Nahum Admoni knew that such an abject confession as the video contained was the prelude to Bazoft’s execution. The Mossad chief ordered his psychological warfare specialists to launch a campaign to deflect embarrassing questions about the service’s involvement with Bazoft.
Members of Parliament in Britain soon publicly criticized The Observer for sending Bazoft to Iraq. At the same time, trusted reporters were fed stories that Saddam Hussein was viewing videos of every stage of Bazoft’s interrogation. It may well have been true. More certain, it was an excuse to remind the world that torture and murder were instruments of state policy in Iraq. Bazoft was hanged in Baghdad in March 1990. His last reported words on the gallows were: “I am not an Israeli spy.”
In London, Nicholas Davies read the report on the execution on a Reuters message that came to the Daily Mirror foreign desk. As instructed about all stories emanating from the Middle East he judged to be important, Davies took the report up to the office of Robert Maxwell.

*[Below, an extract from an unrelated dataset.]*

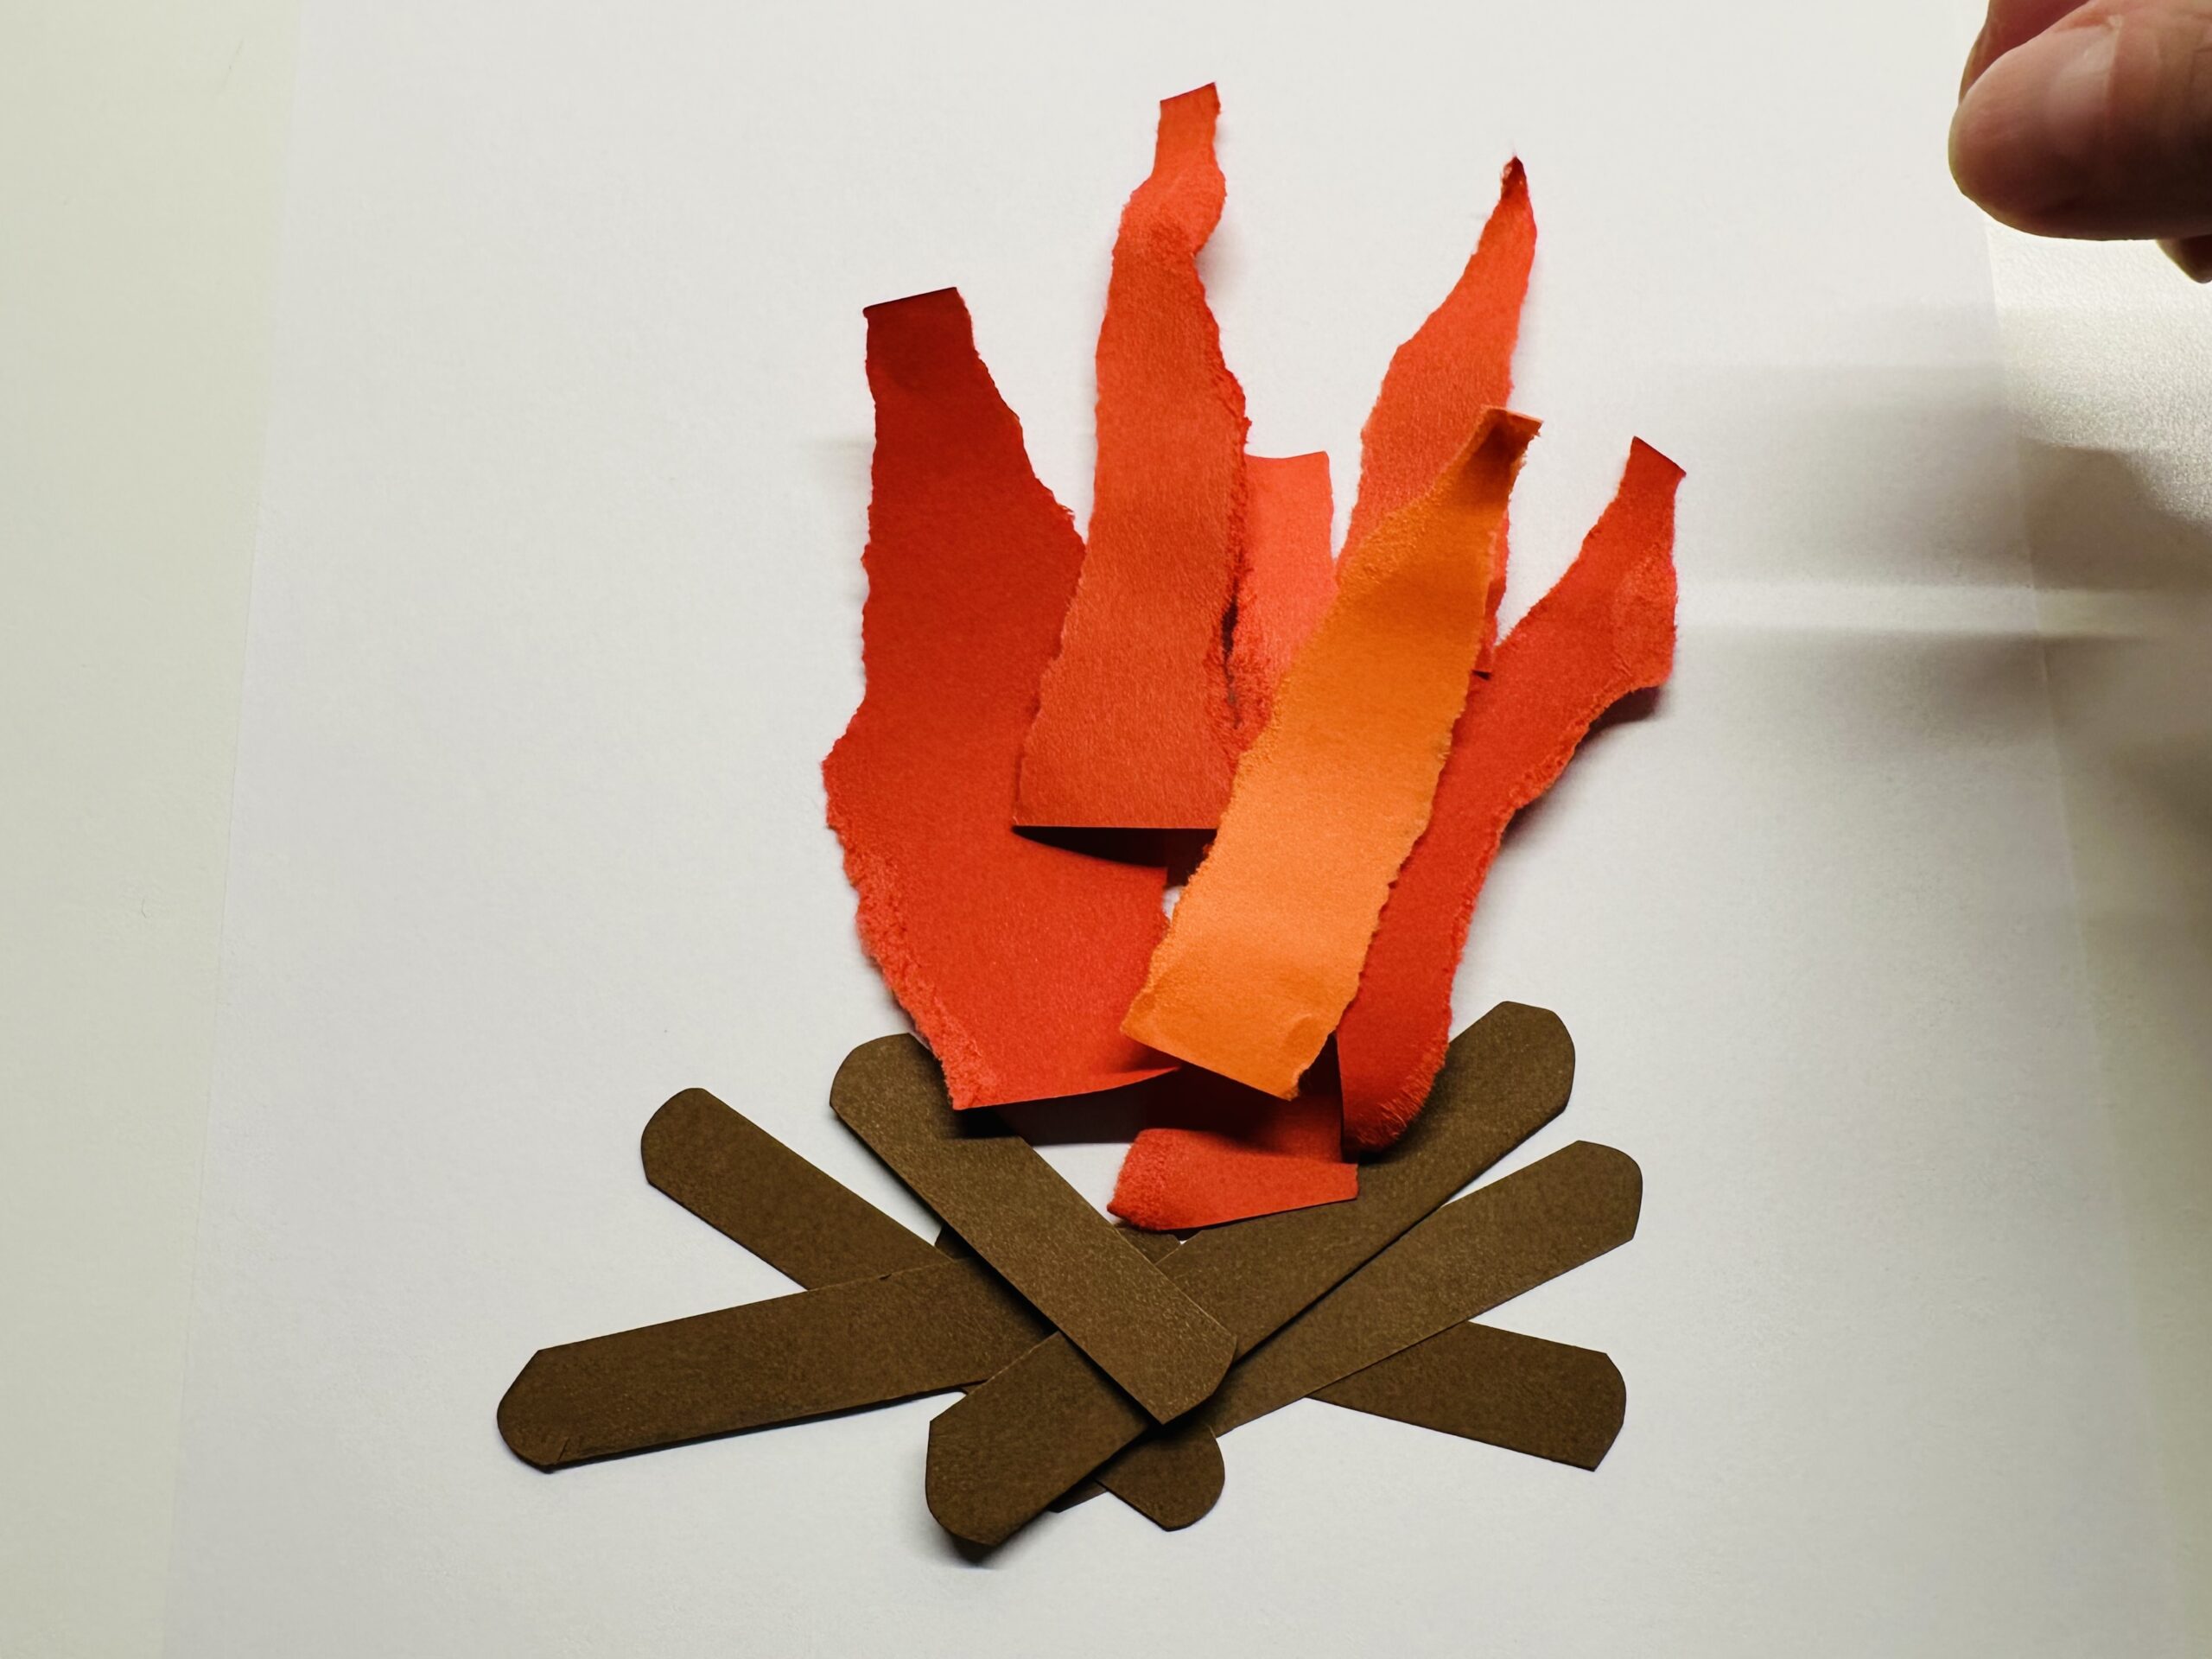 Bild zum Schritt 12 für das Bastel- und DIY-Abenteuer für Kinder: 'Legt auf die roten Flammen ein paar orangefarbene Flammen.'

Since 1974, the publisher had been the most powerful sayan in Britain. Davies would remember: “Bob read the report without comment,” but could not recall “in all honesty” what he had felt about Bazoft’s death.
In Tel Aviv, among those who read about the execution was one of the most colorful characters to have served Israel’s spymasters, Ari Ben-Menashe. Until then he had never known of the existence of Bazoft. But typically, that did not stop the mercurial Ben-Menashe feeling a sense of grief that “another good man had been in the wrong place at the wrong time.” It was emotional judgments like that which had made the darkly handsome, quick-witted Ben-Menashe such an unlikely candidate for a key position in the Israeli intelligence community. Yet, for ten years, 1977–87, he had held a sensitive post in the External Relations Department (ERD) of the Israel Defense Forces, one of the most powerful and secret organizations in the intelligence community.
ERD had been created in 1974 by then prime minister Yitzhak Rabin. Smarting over the way Israel had been completely surprised by the Syrian-Egyptian onslaught in the Yom Kippur War, he had decided the only way to avert such an intelligence failure occurring again was to have a watchdog to monitor other intelligence services and, at the same time, conduct its own intelligence gathering.